At the end I made 1 mm bakelite bottom wall and cables connecting amplifier to the power supply.

The amplifier has gained following appearance:


Fig. 70.


Fig. 71.


Fig. 72.


Fig. 73.

One more thing remained to do - descriptions of sockets, knobs, tubes, etc. ...

I decided to do all inscriptions, scales, emblems, etc. using a photographic technique (positiv) and etching techniques to consolidate and highlight the  inscriptions.

First, I started by reviewing images of the original receivers and equipment from that period, to be able to take a look and feel "as it was done" and on this basis design something by myself. Since the whole project was to be made using photographic technique, I had to develop a computer model.

Inkscape proved to be a helpful program here. After the initial training in its options and possibilities I could proceed with the design. The result was a postscript file, which when transferred to imagesetters, returned to me in the form of a film with exposed subtitles, emblems, etc. There were several options, not all were used in the final project.


Fig. 74.

Now, I could proceed to an appropriate action. First, I prepared sheet brass, which was to be the base for most badges.


Fig. 75.

I transfered the image from the film on the board  using UV irradiation.


Fig. 76.

After etching plates, I got something like this:


Fig. 77.

Then I used a coping saw to cut out all the pieces. This was quite a bit of precise work.


Fig. 78.


Fig. 79.

After the cut, finishing and dyeing treatment I received ready for assembly badges.


Fig. 80.

In addition, I did the nameplate with the parameters and name of the amplifier, which was to be placed on the front panel. It was not easy to find an appropriate name for the amplifier, because most typical names were already taken. In the end I got the happy idea that I wouldl use the name of Harold, which reminds me of actor Harold Lloyd, comedian occurring in silent films from the period of the 20's. This time I used aluminum and silver as starting materials for the implementation of the emblems.

After fixing all items in place the amplifier was ready:


Fig. 81.


Fig. 82.


Fig. 83.


Fig. 84.


Fig. 85.


Fig. 86.


Fig. 87.

Finally, a view of the amplifier on my "TV table".


Fig. 88.


Fig. 89.

Maybe there's a little space, but at this point there is always more or less the darkness, so you can see glowing tubes heaters and a blue glow on the inside of the EBL21 anodes.

After taking detailed measurements of the amplifier frequency response I received the following graph:

Summary of the construction of the amplifier

Amplifier construction - from acquisition of cores for output transformers, through all the described stages, lasted about 7 weeks. Of course, not non-stop, but in a spare time, but it happened a few days of more intense work, where I sat for a few hours a day. There were also a few days break.

Self-winding of output transformers, turned out to be crucial moment and allowed me to choose EBL21 tubes as output tubes. Output transformer manufacturers do not offer transformers dedicated to EBL21.

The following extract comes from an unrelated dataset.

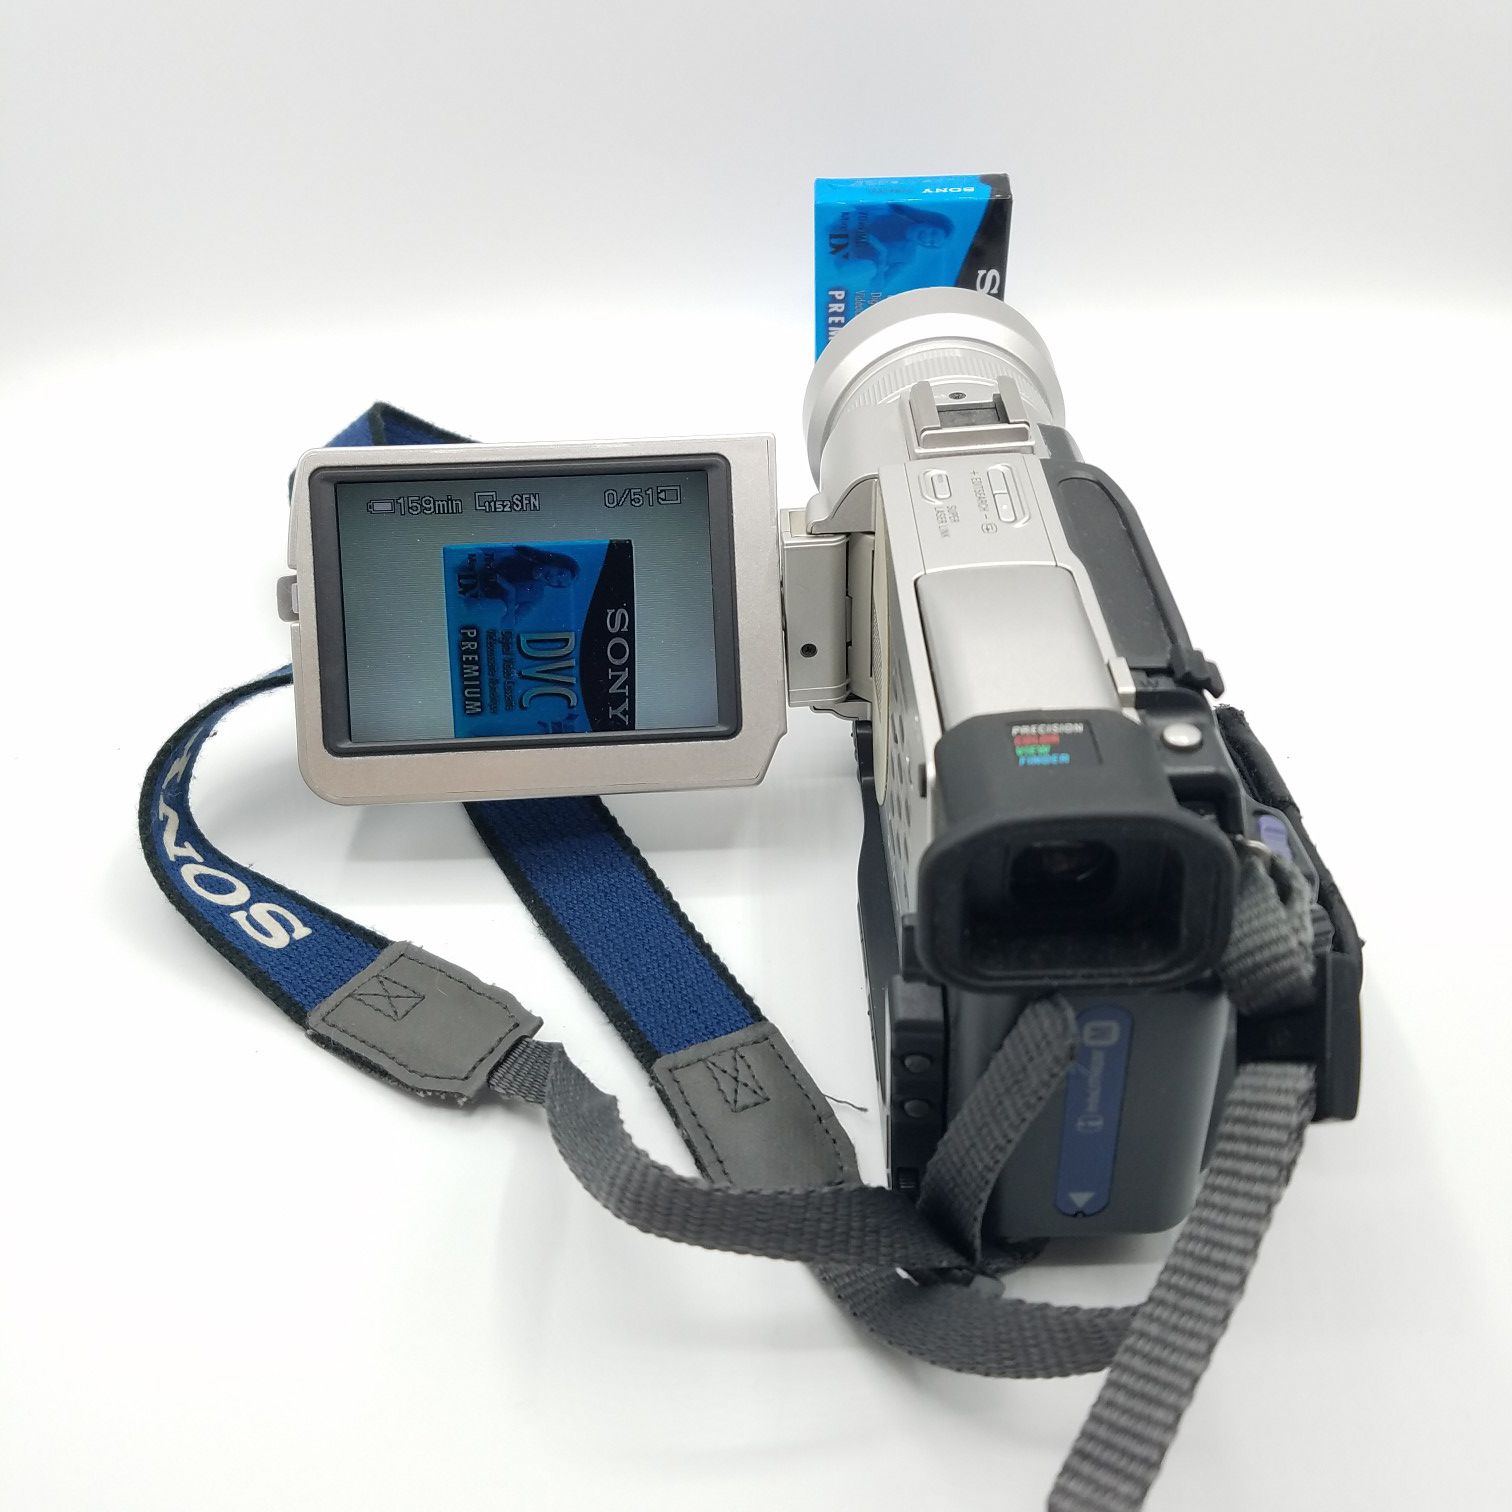 Sony DCR-TRV20 Digital Video Camera Recorder MiniDV Tested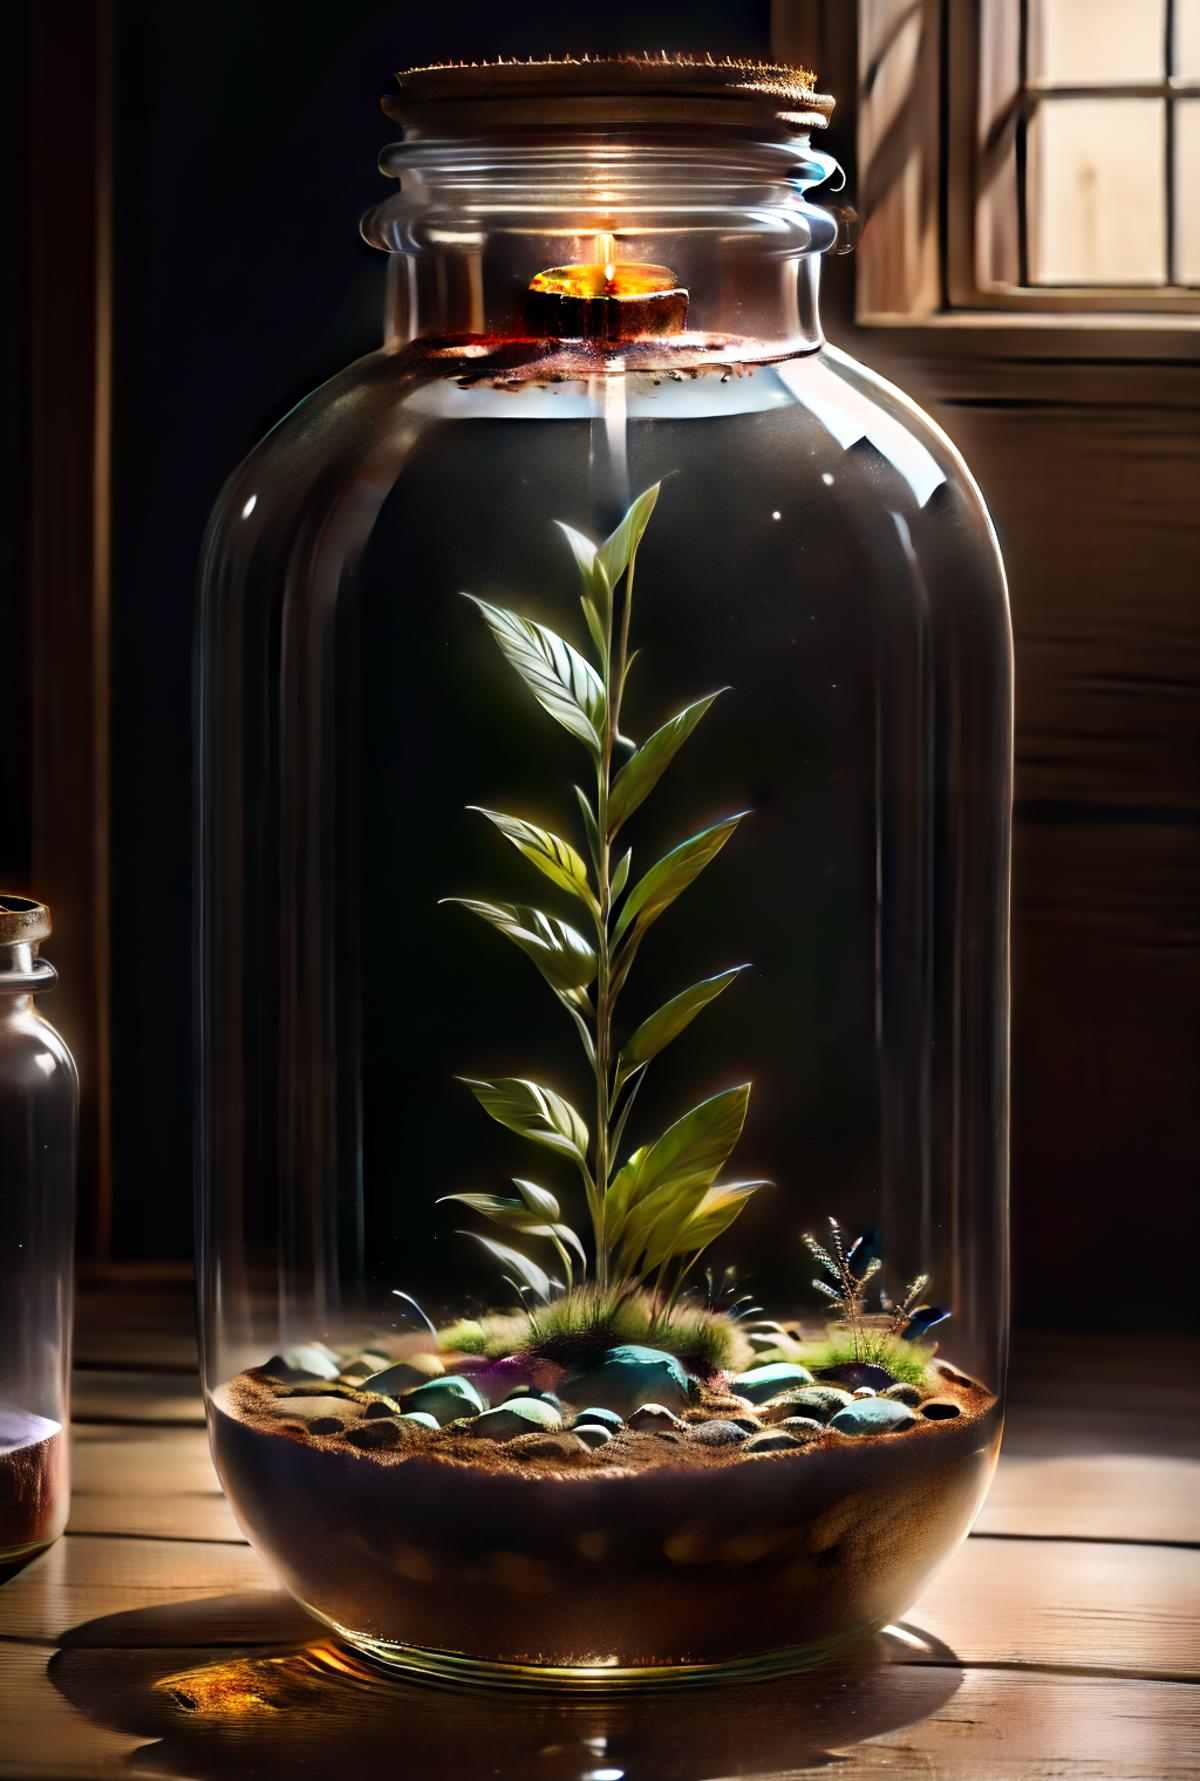 Glass bottle |Concept Glass | Sora image by fansay

Construction of the amplifier is in most a mechanical work - the transformers, the chassis and finish. The electrical assembling of the elements is already a relatively small part of the whole work.

The use of sheet metal liner inside a wooden case proved to be a great idea - amplifier is not sensitive to interference fields. Mains hum level measured at 4 ohms of resistance is within 55 mVpp - regardless of the position of the volume potentiometer.

EF22 tubes in this system are not characterized by any excessive microphonic. Instead EF22 tubes, EF21 tubes can be used. You can then expect even better linearity and smaller distortion.

Power consumption of the amplifier is around 60 W (as planned).

When it comes to general conclusions for future designers of amplifiers, I would like to recommend not to be hurry and well prepare all the materials for the construction of the amplifier (wood, metal and electronic elements, etc.) before starting the assembling.

As for the sonic impressions - all the songs that I have and know, sound for me differently. Especially those, performed on a classical guitar instruments, wind instruments, etc. appear to be more expressive and rich in details. So now, there is nothing else to do then listen to the amplifier.